PEF urged to help out marginalised children


SIALKOT - The social, educational, business circles and stakeholders of Child and Adolescent Protection Project (CAPP) have urged the Punjab Education Foundation (PEF) to come forward and do something to secure the educational future of the most marginalised children of the district.
They said that after Sialkot business community and Unicef, now its PEF’s turn to play its vital role to help out adolescents educationally and economically under the CAPP project.
Reportedly, as many as 1,247 marginalised children are at mercy of the PEF and the Punjab government in Sialkot. The CAP project funded by Unicef will end in March 2012 and after this the continuity of the project is in doubts, as joint efforts are underway by the business community of the city to continue it by adopting these children.
At present, these children are getting formal/non-formal education free of cost from class 1 to 8 in eighteen Talim-ul-Amal Centres (TACs) established by Child and Social Development Organisation (CSDO) Sialkot under Uncief-funded project, which will continue till March31.
The children of poor families need attention, financial support to get education and become respectable citizen. The PEF and the government should pay special attention to these children to save their future.

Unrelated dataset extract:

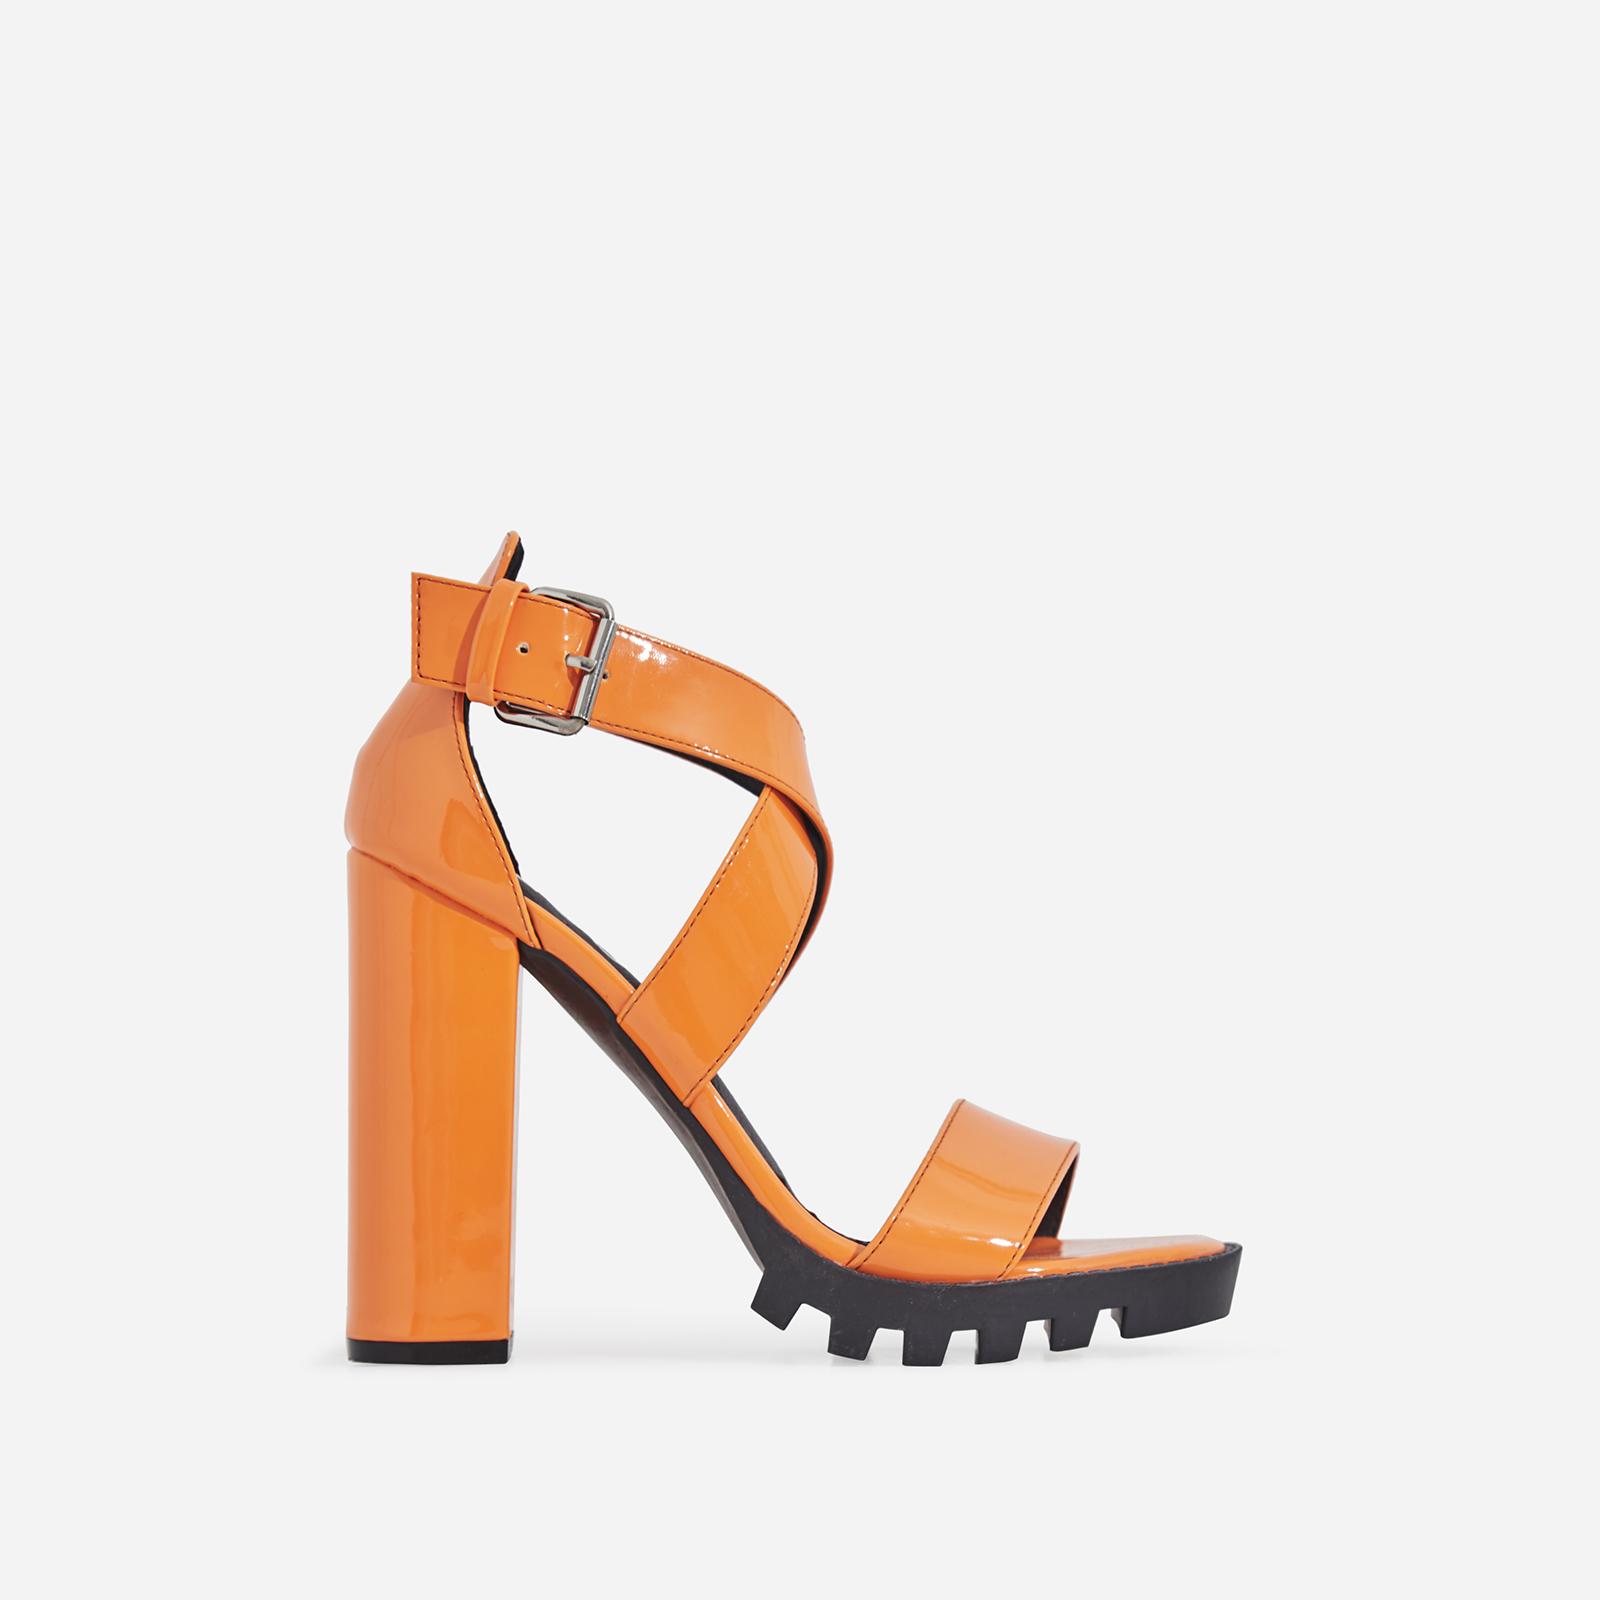 Tori Cleated Sole Block Heel In Orange Patent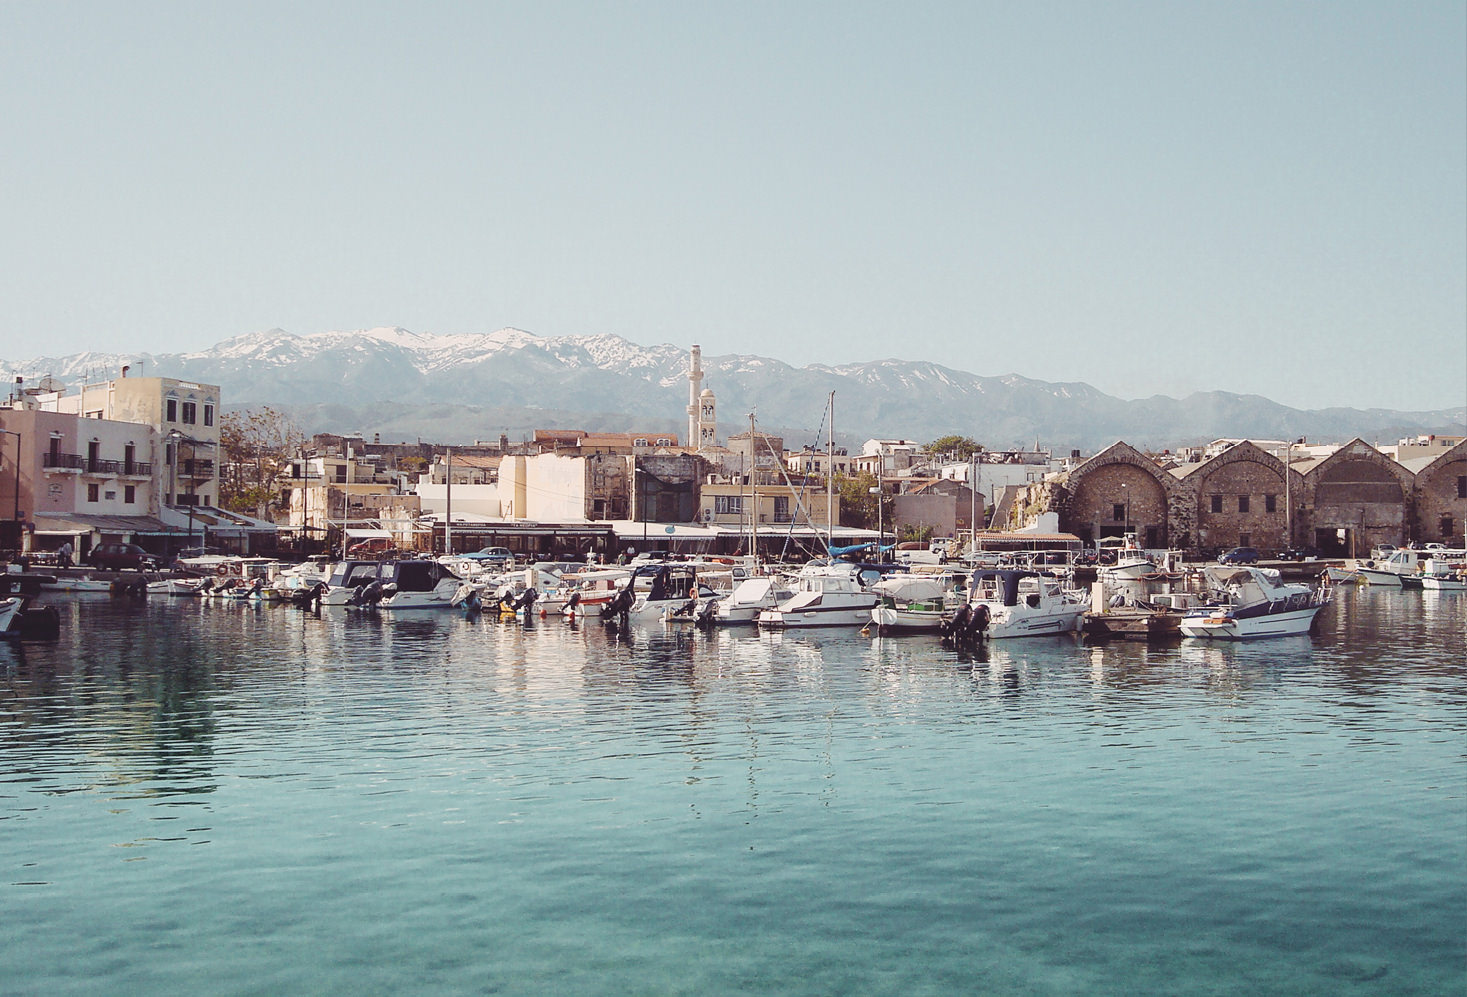 180131_ccc_12_chania_harbour.jpg

CSDO established these centres to provide working or dropout children fast-track phonetic education to provide them basic literacy and training to earn livelihood as these centres are situated in the backward areas of the district.
A number of students of these centres have recently passed 5th and 8th grade Board exams, while a lot of scavenging children of the gypsy families are also availing education from these centres. Now, the project was being confronted due to funds paucity. The PEF has huge funds to adopt all these children.
CSDO Sialkot President Muhammad Younas Ratra told the newsmen that the Punjab government should make arrangement or provide funds to sustain this project. He urged the government and the PEF to instantly look into the matter and provide education to these children.
CSDO Project Manager Ijaz Ahmed said that the Sialkot-based philanthropists had adopted few Centres and children for a certain period, during a donors’ conference held at SCCI building on December 21, 2011. He said that as many as 4,436 total adolescents have yet been benefited under CAPP project, since the launch of this project in May 2009. Now the future of 1,247 children was at risk and was linked with continuity of this CAPP Project, he added.
SCCI President Naeem Anwar Qureshi said that there could be a partnership between CSDO and PEF in this regard. He urged the PEF to extend its cooperation by providing funds to ensure the continuity of provision of free of cost education to the above mentioned children.
He said in these centres, the CSDO, a social arm of SCCI, is providing education to working, dropout, never enrolled in school, and the most marginalised children there. Naeem Anwar invited PEF Managing Director Ambreen Raza and other officials to visit these Centres to encourage the adolescents there.